- Tender Greens, a hugely popular West Coast lunch spot known for its salads, has opened its first East Coast location in NYC.
- It could be a huge threat to Sweetgreen, another wildly popular salad chain with firm roots in eastern US cities.
- We compared the two, and Tender Greens’ quality and preparation easily outshine the competition’s.
The upscale side of to-go, fast-casual salads is dominated by two giants: Sweetgreen and Tender Greens.
Both chains began within a year of each other – Sweetgreen in 2007, Tender Greens in 2006. And both chains have received funding from some big names – Sweetgreen landed two rounds of funding from a venture capital fund founded by AOL co-founder and chairman Steve Case, and Tender Greens managed to grab the attention of Shake Shack founder Danny Meyer.
But while Washington, DC-based Sweetgreen has bloomed into a major bi-coastal player in urban markets, Tender Greens has stayed on the West Coast. That is, until now.
Tender Greens’ first East Coast incursion has opened in NYC, with two locations in Boston planned to open soon – and many West Coast transplants were excited. Business Insider’s Melia Robinson reviewed the chain and was blown away by the experience.
But does the chain have the chops to take on East Coast salad darling Sweetgreen?
Tender Greens serves so much more than just salads, which already means its menu has an advantage over the salad-centric Sweetgreen. We decided to compare the most similar salads from the chains: a southwestern themed salad with roast chicken.
But first, let’s take a quick foray to Tender Greens itself. The new location is on Broadway and 20th, in the Flatiron district. Lots of salad chains are nearby — it’s a bold place for Tender Greens to take its first steps in NYC.
The inside is sprawling and cavernous — yet it doesn’t feel cold or industrial in any way. In fact, it feels cozier than a lot of sit-down restaurants. There’s ample seating — stools, booths, and a counter overlooking the open kitchen.

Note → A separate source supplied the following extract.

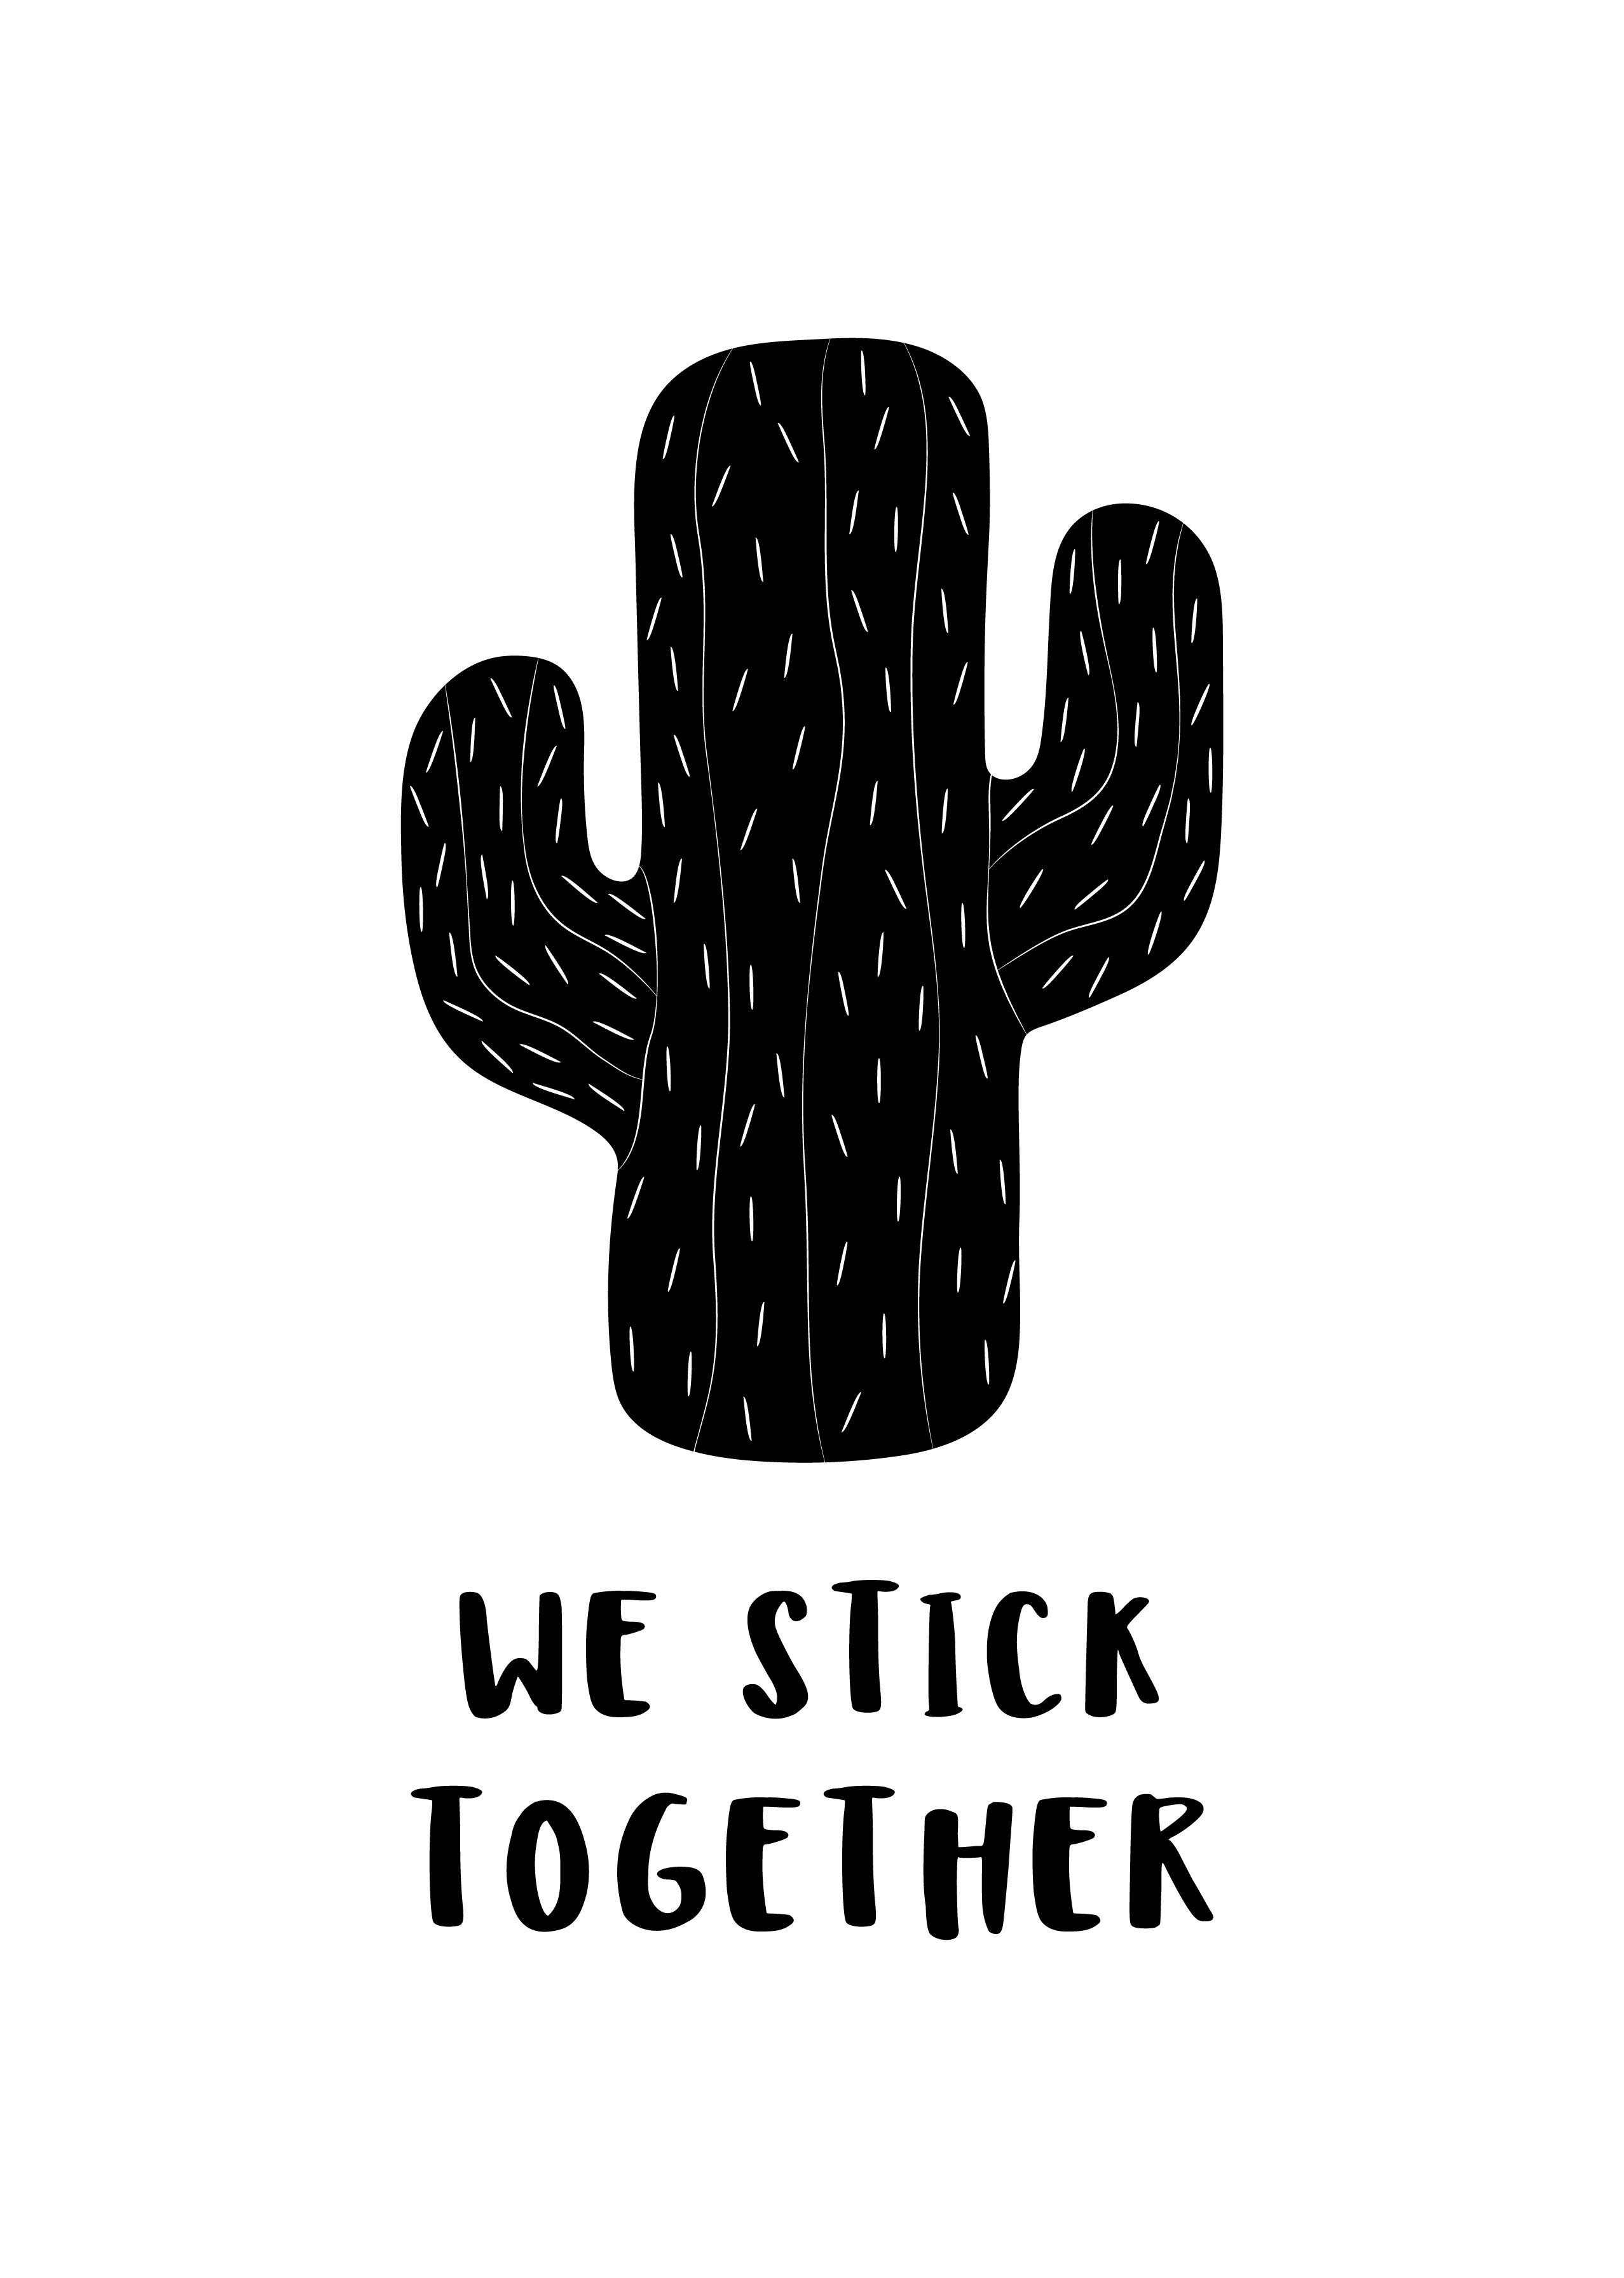 Cactus Print Cactus We Stick Together Cactus Art Black

The decor is warm and simple, with greenery scattered about. It definitely gives off a chill and friendly West Coast vibe.
The mobile order system — a pride of Sweetgreen’s, as well — is fantastically easy to use. The pick-up area is large, and there’s plenty of staff to help you if you can’t find your order.
Back to the salads at hand. Here’s Sweetgreen’s southwestern style salad, the Guacamole Greens.
It’s comprised of mesclun greens, big chunks of avocado, roasted chicken, onion, tomatoes, tortilla chips, a lime wedge, and a lime jalapeño vinaigrette.
The mesclun mix is rather standard salad fare; a step above romaine, two steps above iceberg. The vinaigrette is bright and acidic, with heavy notes of lime that really puts forward the southwestern affectation.
And more importantly, there’s enough dressing to adequately cover the whole salad.
The chicken is rather humdrum. There’s no real proof that it’s roasted — it tastes and feels nearly the same as, say, canned chicken. Not that it is canned, but it’s just awfully boring and falls flat within the salad.
The copious amount of avocado is a welcome relief from countless chains that are stingy with the buttery, savoury fruit. The small, deep bowl the salad comes in makes mixing up the salad a difficult task — avocado chunks often jump ship while you’re mixing.
Now for Tender Greens’ chipotle barbecue chicken salad. For starts, it’s a gorgeous looking salad.
It’s a similar construction to Sweetgreen’s: romaine hearts, avocado, cotija cheese, tortilla strips, green onion, radish slices, and cilantro lime dressing. But the difference in quality is astounding.
The lettuce is crisp, vibrant, and fresh — Sweetgreen’s feels packaged by comparison. The tortilla chips are thoughtfully scattered throughout, as opposed to being dumped in a pile like the salad before.
The chicken comes in big strips — and it’s delicious. It’s flavorful, tender, and the charred and tasty skin is left on, which leaves little question as to the meat’s origins.
The dressing is light, though not as bright or lime-forward as Sweetgreen’s. Also, the amount is pretty small, meaning coverage of the whole salad — and it’s a big salad — is difficult.
The salad feels homemade — and I know that sounds corny. Of course it’s not homemade, it’s prepared in a kitchen at a business. But the quality and care provided in the preparation really does show through in the food itself.
Tender Greens easily exceeded our expectations — and if the chain is serious about its East Coast expansion, Sweetgreen should be pretty worried.